Craft, we are told, is built upon tenets of simplicity and selection. Diners are provided with hypersized menus that resemble spreadsheets and list dozens of meat, poultry, fish and vegetable options; the only adjectives on the page are “raw,” “cured/marinated,” “roasted,” “sautéed” or “braised”; meals arrive with ingredients plated one by one, near-naked, on plain white plates or in shiny copper pots.

In essence, Craft puts the responsibility for a high-priced meal not on the fancy chef, but on you , the fancy customer. Naturally, this makes the restaurant something of a haven for control freaks.
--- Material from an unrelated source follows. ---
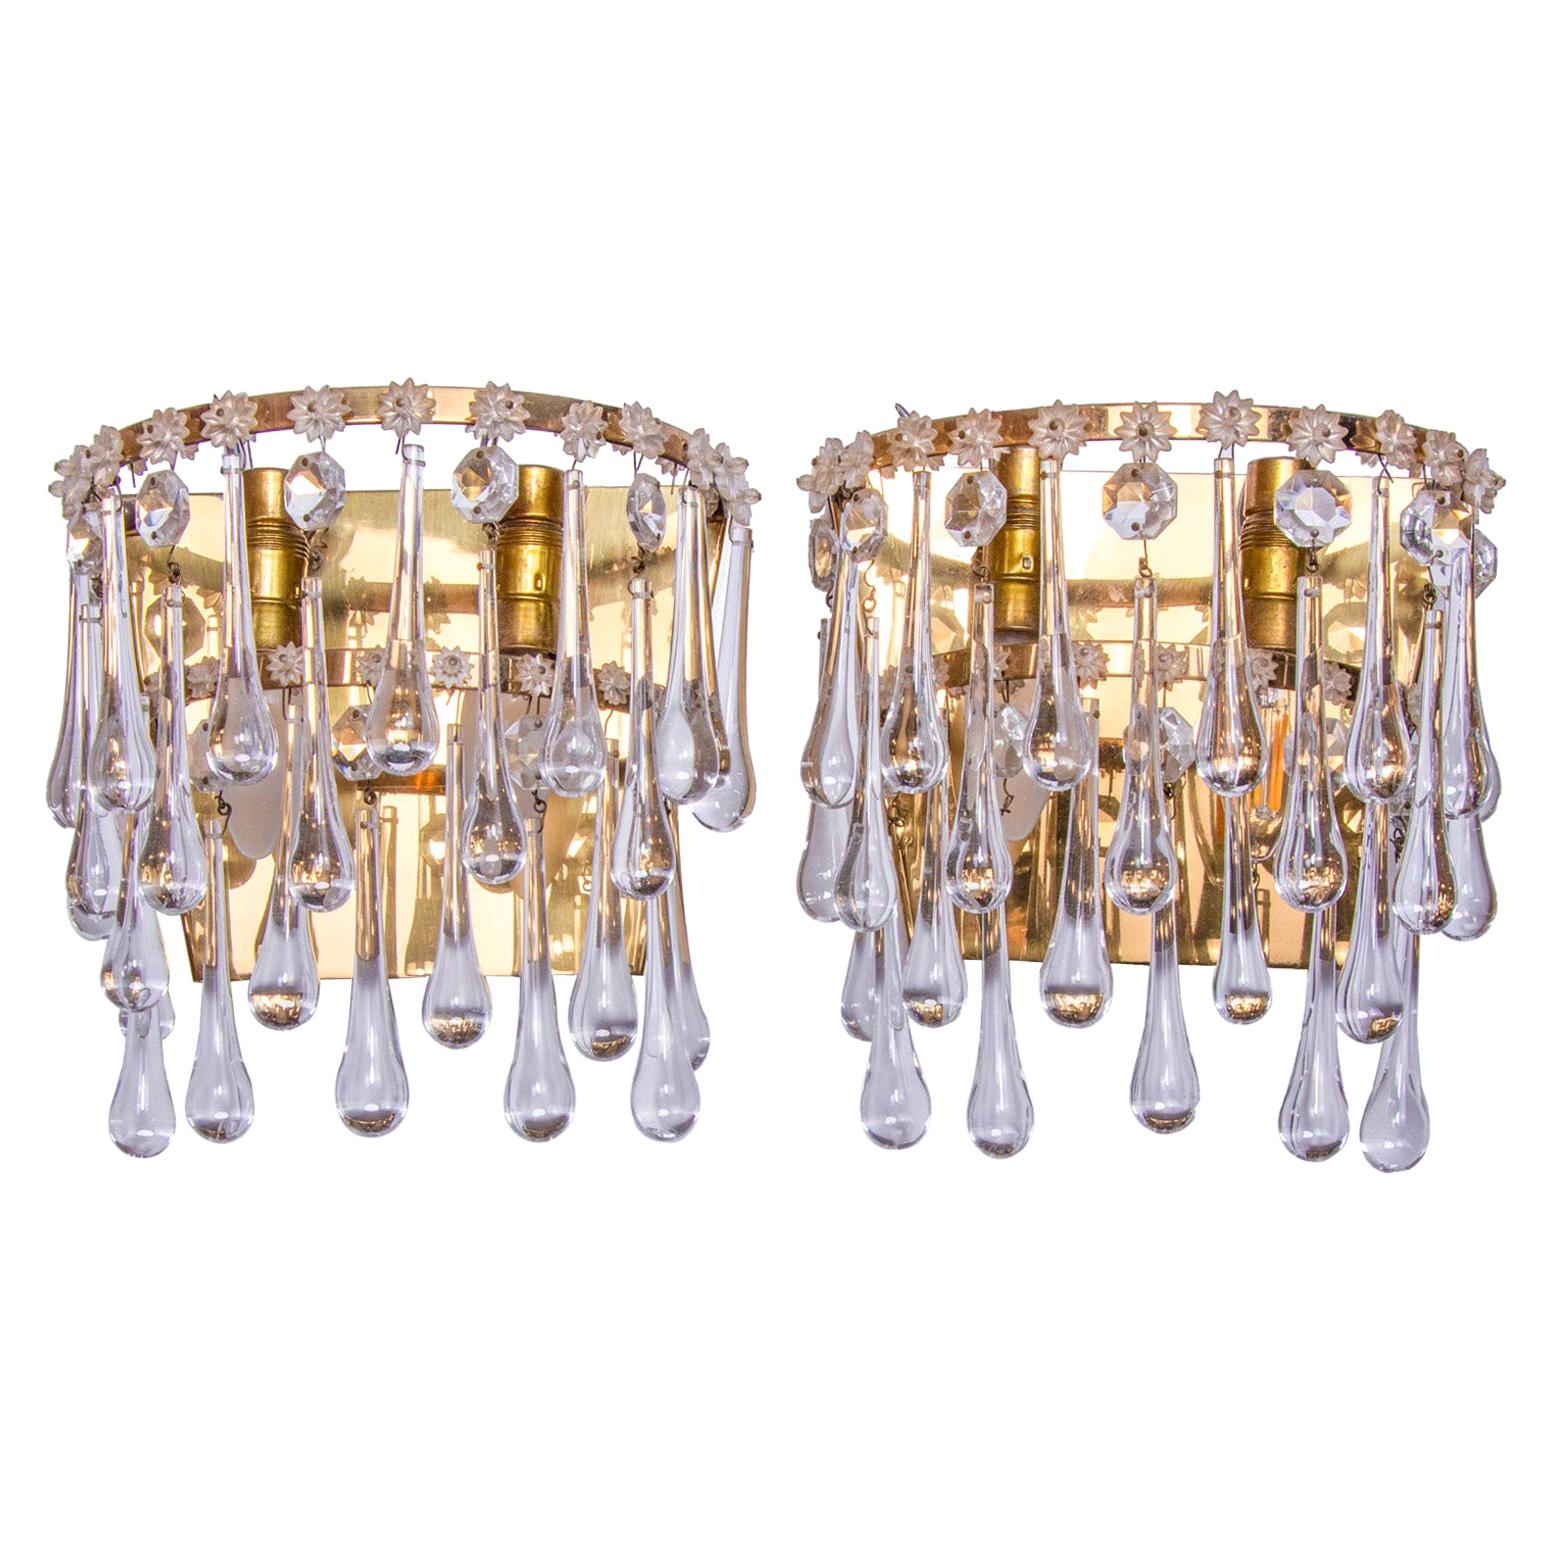 1960 Vintage Teardrop Wall Sconce Crystal Glass & Brass, Set of 2
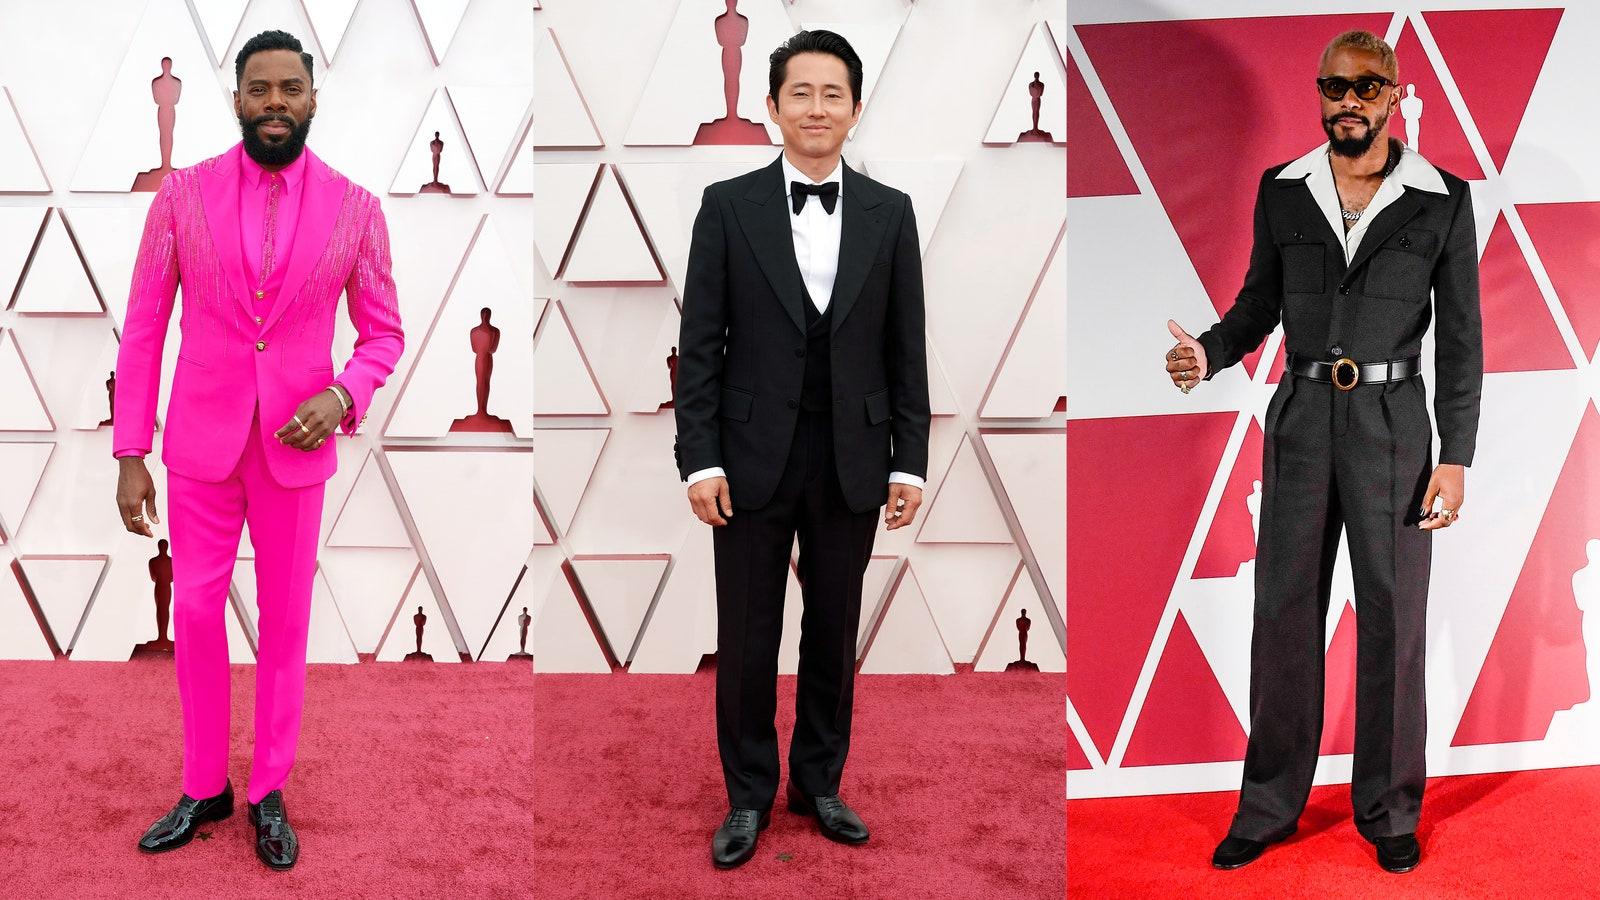 Oscars 2021 Red Carpet Fashion: The Best Dressed Men

Are you one of those people constantly pulling the waiter aside and ordering off the menu? Then step to the plate: Craft is your kind of joint.

“It seems like a natural New Yorker fantasy,” said Style.com gossip columnist Jill Kopelman. “[New Yorkers] tend to be controlling–what they want, when they want it. Everything [at Craft] is so specific.”

But Craft is also about growing up and fending for oneself. This is the perfect restaurant for New Yorkers who have indulged a little too much over the past few years, people who have soaked themselves in oyster sabayon and tripped over oxtail vinaigrette and curried tomato polenta. It’s a restaurant with clear psychological benefits for people with attendants and stylists and handlers and in-house personal trainers.

After all, if you’ve had those perks, there’s little doubt you’re feeling a tad guilty about it now, in the post-affluent, post-downsizing haze of the New Economy. And so here comes Craft, a nice restaurant that forces you to grab hold of yourself and make some choices, and stop letting others take care of you. And in doing so, it makes you feel good. It makes you feel mature.

“[People] feel very satisfied when they feel that they’ve tackled the menu,” said Craft’s service manager, Victor Salazar.

That’s a little scary, of course–that people can feel better about themselves merely because they have chosen properly from a menu offering rabbit ballotine, foie gras terrine, prosciutto, dried sausages, duck ham, chicken, porterhouse for two, loin chops of lamb, sirloin, squab, sweetbreads, guinea hen, more foie gras and veal shank (recent “meat” selections at Craft). Or successfully picked from yellowfin tuna, Wild White King Salmon, Arctic char, octopus, sardines, lobster, cod, diver scallops, Wild King salmon, skate, halibut, monkfish and black sea bass (recent “fish” selections).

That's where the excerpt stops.